Department of Revenue v. Puget Sound Power & Light Co.

*511Dore, J.

(concurring in part, dissenting in part) — I concur with the majority in denying Puget Power's claim to abandoned dividend funds, but dissent to their approval of Puget's retention of customers' abandoned performance deposits.

Between 1955 and 1979, Puget required new customers who were poor credit risks to make deposits to ensure their payment of Puget's electrical bill. These deposits remained the customers' property even though Puget retained possession of them. Upon termination of service, the customer was entitled to recover his full deposit and, after 1965, interest on the deposit as well. It is undisputed that these deposits were never intended as income for Puget.

Between these same years, Puget declared dividends and issued dividend checks to its shareholders. On occasion, some shareholders would fail to cash the dividend checks. Likewise, there were some customers who would fail to cash deposit refund checks. These funds accumulated in Puget's bank account.

Puget is seeking to keep the unclaimed deposits which amount to approximately $140,5004 and the unclaimed dividends amounting to approximately $50,700. Puget does not advance any reason why it should be entitled to keep the unclaimed money. Instead, it is acting in a defensive posture: it claims that the statute of limitations bars the State from recovering the money. The Department of Revenue claims that the State should receive these abandoned funds pursuant to the Uniform Disposition of Unclaimed Property Act, RCW 63.28 (now codified in RCW 63.29), and that the statute of limitations cannot be raised against the State.

*512Decision

The majority rationalizes its award of abandoned deposits to Puget based on the reasoning of Pacific Northwest Bell Tel. Co. v. Department of Rev., 78 Wn.2d 961, 481 P.2d 556 (1971), which held that the statute of limitations may be a bar to the State's claim of right under the Uniform Disposition of Unclaimed Property Act, RCW 63.28. Bell, however, is a divergence from the law and has been recently overruled.

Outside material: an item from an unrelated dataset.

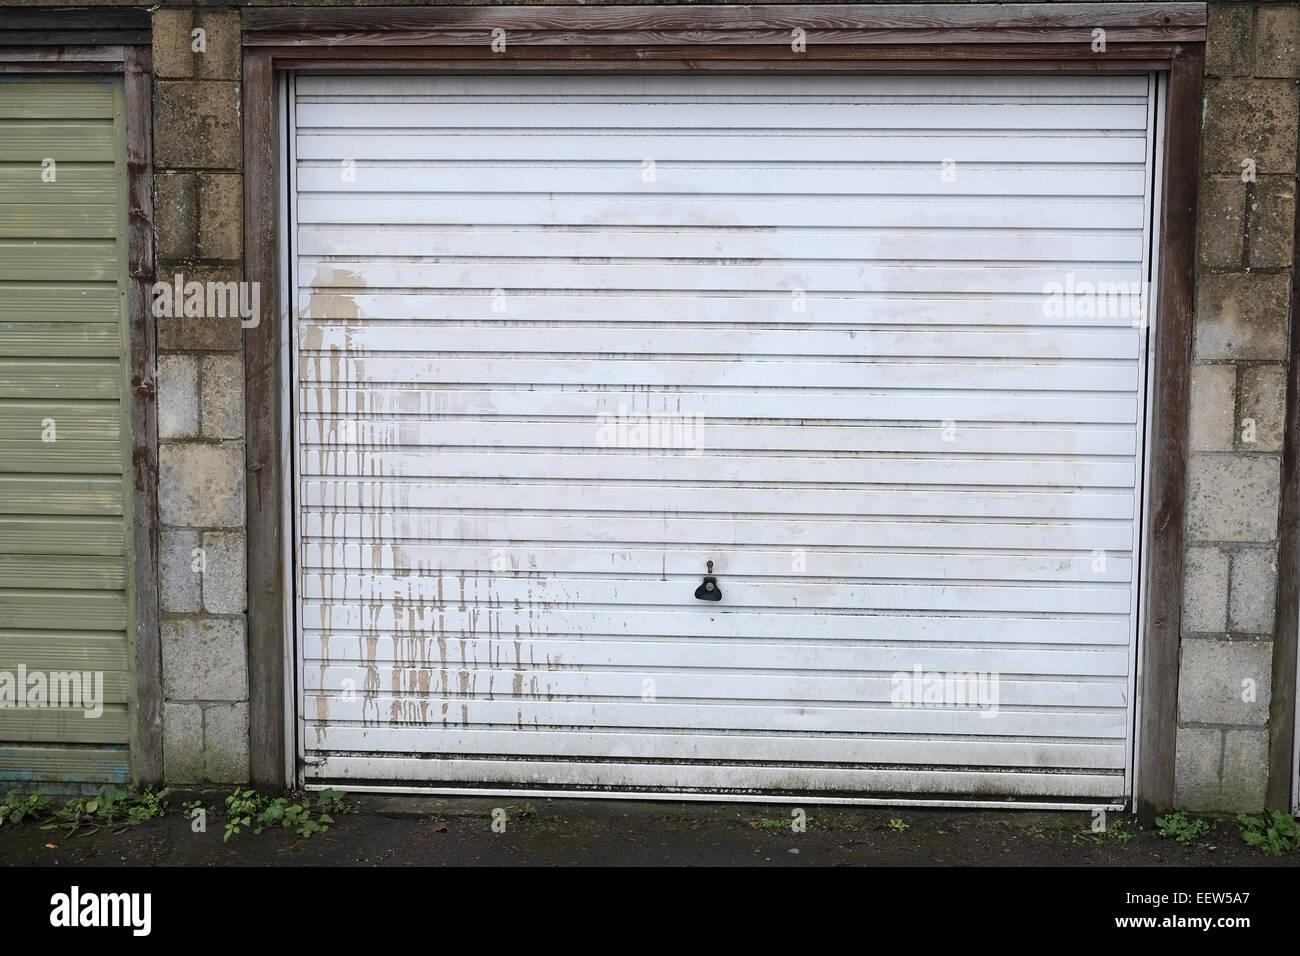 Old worn garage door suitable for a background or texture

Bell held that a private corporation could assert the statute of limitations against the State. Recently we have reaffirmed the principle that the State, acting in its sovereign capacity, is immune from the application of limitation periods to actions brought for the benefit of the State. Bellevue Sch. Dist. 405 v. Brazier Constr. Co., 103 Wn.2d 111, 691 P.2d 178 (1984). Chapter 4.16 of the Revised Code of Washington sets forth the time limitations in which different causes of action may be brought. In RCW 4.16, the Legislature clearly provided that the State is not subject to any such time limitations:

The limitations prescribed in this chapter shall apply to actions brought in the name or for the benefit of any county or other municipality or quasimunicipality of the state, in the same manner as to actions brought by private parties: Provided, That there shall be no limitations to actions brought in the name or for the benefit of the state, and no claim of right predicated upon the lapse of time shall ever be asserted against the state . . .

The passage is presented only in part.